Мобилизация, план, коллективизм, единение, борьба являются неотъемлемыми чертами жизни и идеологии таких государств. При этом интересы каждого конкретного человека подлежат игнорированию и почитаются за «тлетворный индивидуализм». Единицами социального измерения выступают классы, страны, народы. «Полноценным» может называться только такой человек, который сливается с массой. Эти массы имели свою собственную гордость, они осознавали себя творцами истории, с легкостью и удовольствием впадали в экзальтацию.
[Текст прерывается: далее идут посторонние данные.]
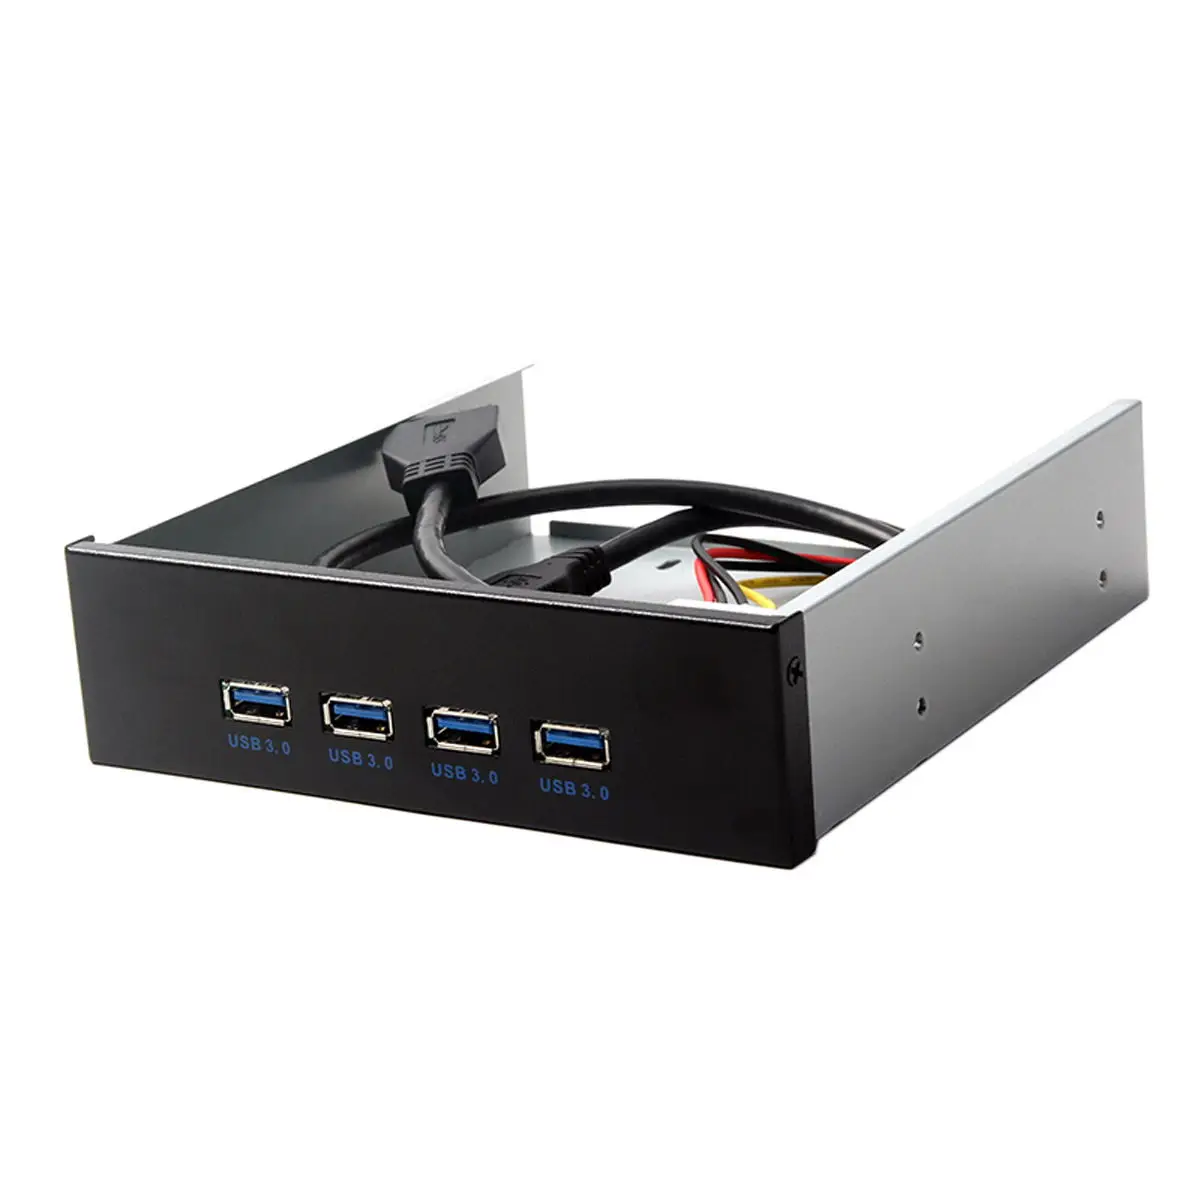 

USB 3.0 HUB 4 Ports Front Panel to Motherboard 20Pin Connector Cable for 5.25" CD-ROM Bay

Привычная точка зрения состоит в том, что эти люди являлись обманутыми жертвами изобретательных и бесчестных политиканов, которые всегда преследовали свои корыстные интересы. Такое понимание представляется мне весьма далеким от истины. Большинство политиков и историков по-прежнему находятся в плену «народнических» иллюзий: народ всегда прав. А если он замечен в чем-то отвратительном, значит, его обманули. Таким образом, с «простых людей» снимается всякая моральная ответственность за происходящее, а сами они считаются за малолетних детей, которых невозможно привлечь к суду. Хотя бы к суду истории. Такое понимание кажется мне безответственным и морально ущербным. Тоталитарное государство есть плод деятельности огромного количества людей, каждый из которых несет свою долю ответственности. Индивидуальная мера этой ответственности, безусловно, различна, но попытки оправдания «народа» неизбежно ведут к его моральной и физической деградации.

И Япония, и Германия, и СССР приобщились к индустриализации сравнительно поздно. При этом индустриализация там осуществлялась невероятно быстрыми темпами, руки работали быстрее, чем голова, чувства не поспевали за моторами. Гордясь промышленной и военной мощью своей страны, люди одновременно тосковали по патриархальности прежних времен. Развитие городской цивилизации приносило разнообразие, которое зачастую воспринималось как хаос. Деревенское деление на «своих» и «чужих» распространялось на классы и нации, достигало государственных границ. Люди, выброшенные из деревни в город, лишались корней и сдерживающих механизмов традиционного общества. Они представляли собой самостоятельный субъект исторического творчества. И в то же самое время они были податливы и представляли собой прекрасный объект для внушения и манипулирования, они сами хотели «централизации» своих чувств и эмоций, ибо не могли выдержать испытания одиночеством и индивидуализмом. Эти люди страдали от стрессов, неврозов и комплекса агрессивности, они искали и с легкостью находили врагов как внутри страны, так и за ее пределами.

Общество представлялось огромной армией, воины которой по первому приказу прикладывают руку к козырьку. Идеалом мужчины представлялся не человек, который самостоятельно принимает решения, а солдат, который беспрекословно выполняет любой приказ. Исключений при этом практически не было, каждый был вписан в иерархию и лишен права действовать самостоятельно. Женщинам и детям также предлагалось стать похожими на мужчин такого типа. И они с удовольствием шли на это. Все они желали быть вместе со всеми. Все они боялись одиночества.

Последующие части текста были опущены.